X-rays represent one of the most powerful tools for understanding molecules and materials at the nanoscale, uncovering important
information related to magnetism, photochemistry, materials, biology, nanoscience and many other areas of science and technology. To
date, research in X-ray science has predominantly been carried out using synchrotron large scale facilities. We intend to implement a new
ultrafast X-ray coherent light amplifier which promises to complement and substitute in many cases the need of large scale synchrotron
facilities. This new X-ray source will allow a new generation of experiments to be carried out in low-cost regular-size laboratories of
universities, hospitals and research centers. In biology and medicine this new ultrafast X-ray source promises to capture the most basic
processes, such as charge transfer, photosynthesis or cell death, on their fundamental time and scales.
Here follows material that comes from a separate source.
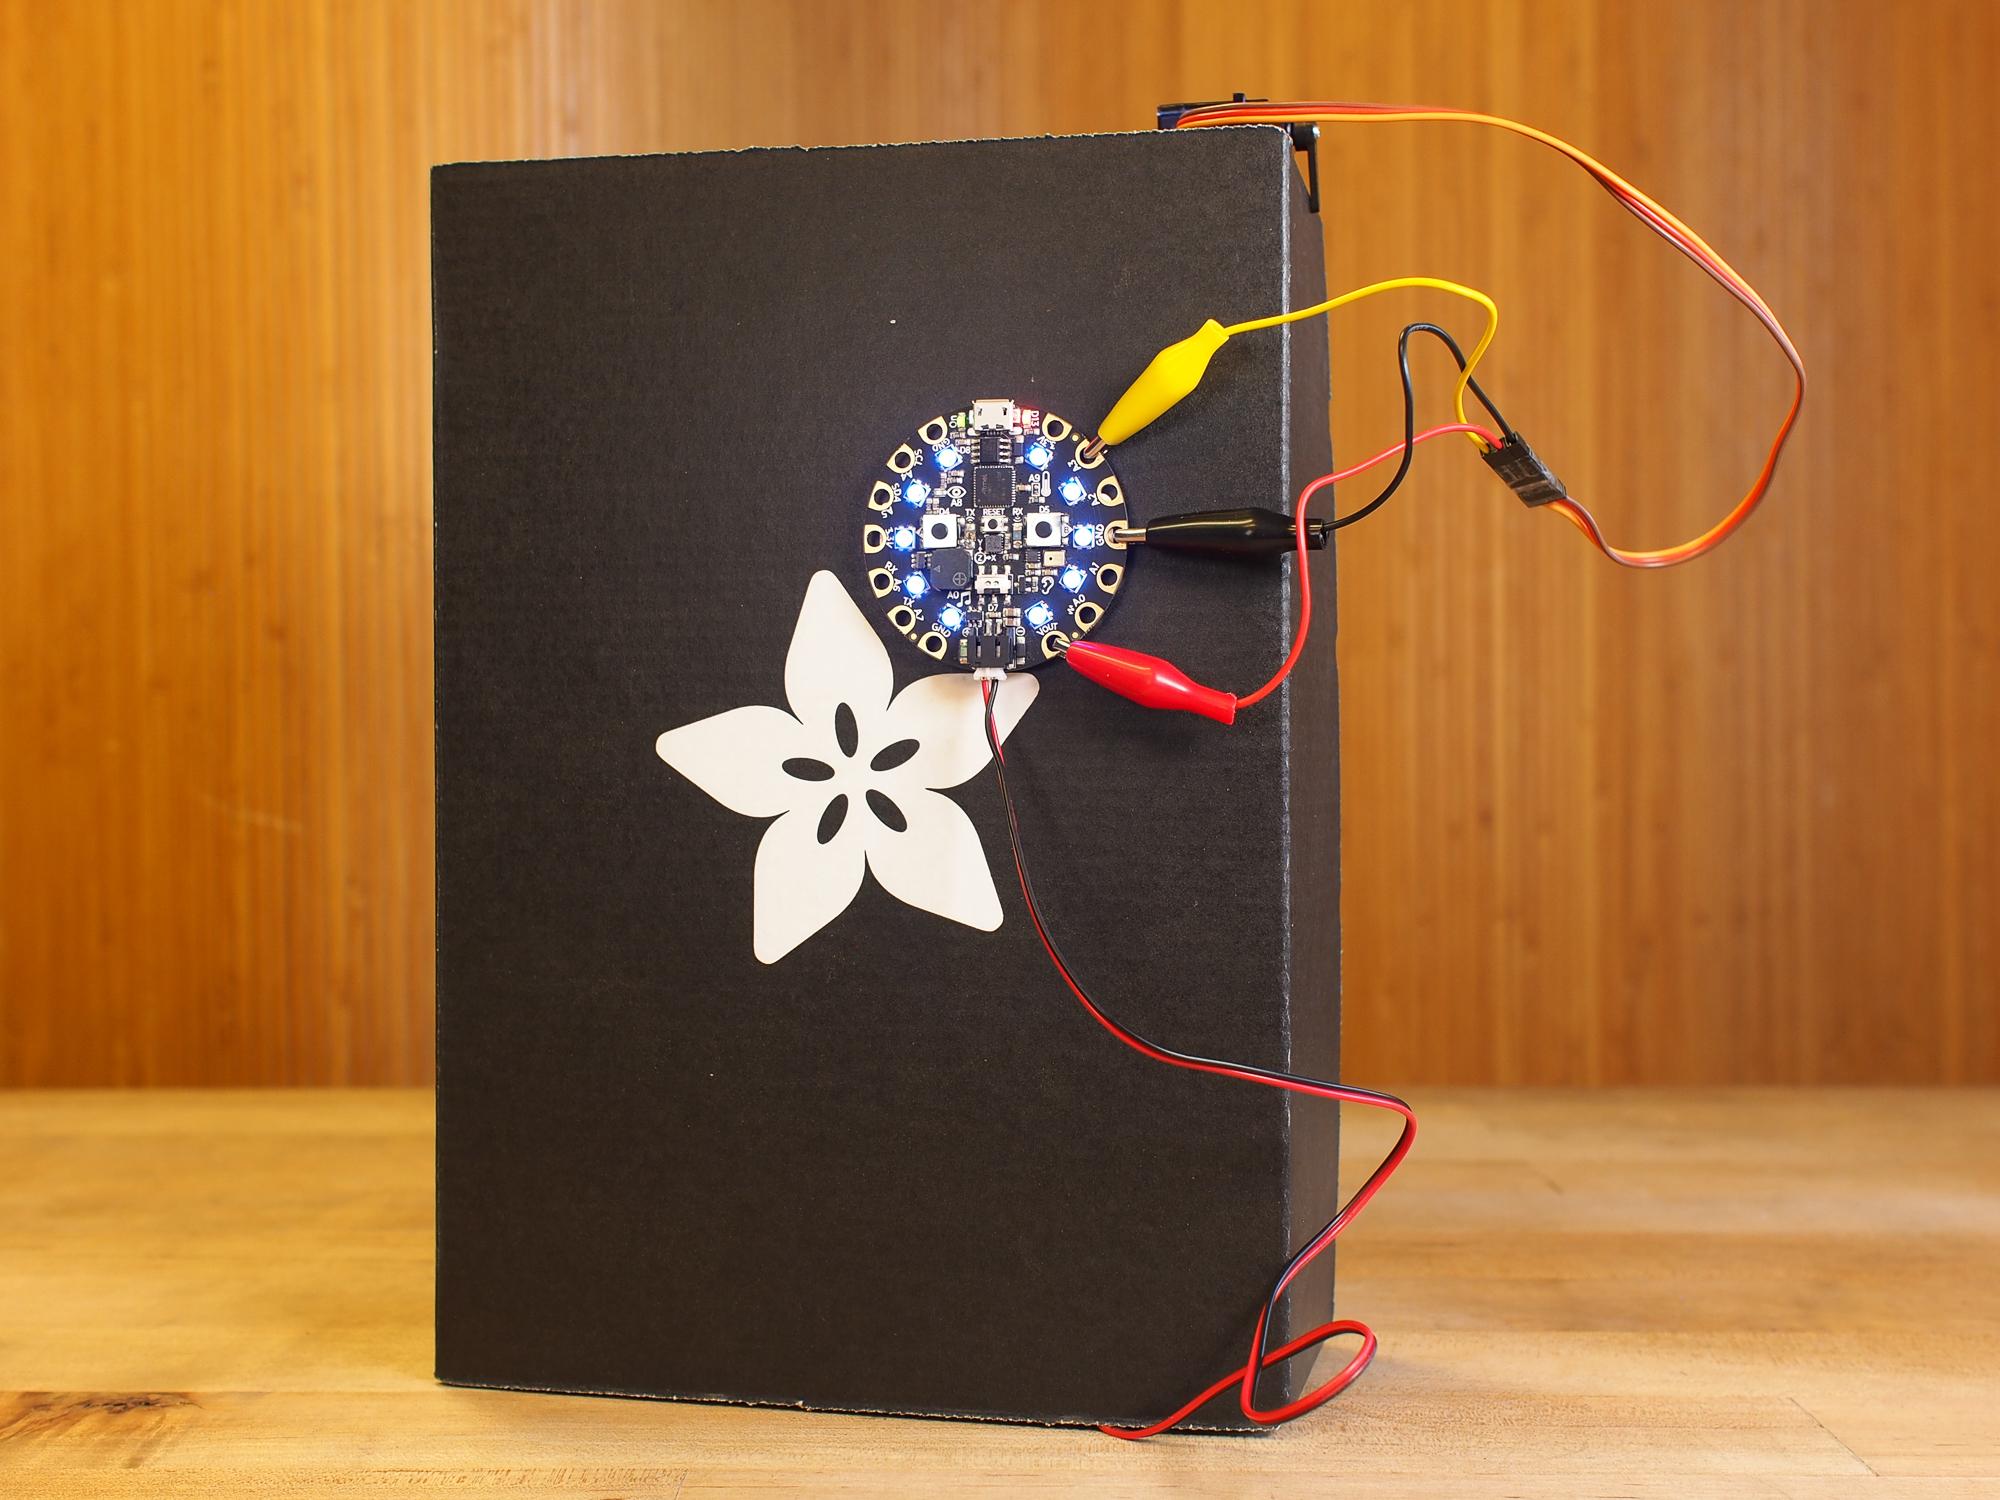 circuitpython_PC080522_2k.jpg

Indeed, high harmonic up-conversion of femtosecond lasers (HHG) has been investigated in laser science for more than twenty years as a
complementary X-ray source which retains all laser light properties and is available in the XUV and soft-X-ray regions of the
electromagnetic spectrum. The major drawback in HHG x-ray sources is the conversion efficiencies, which for 100 eV energy photons is
typically already on the order of 10^-8, which makes HHG almost useless for real applications.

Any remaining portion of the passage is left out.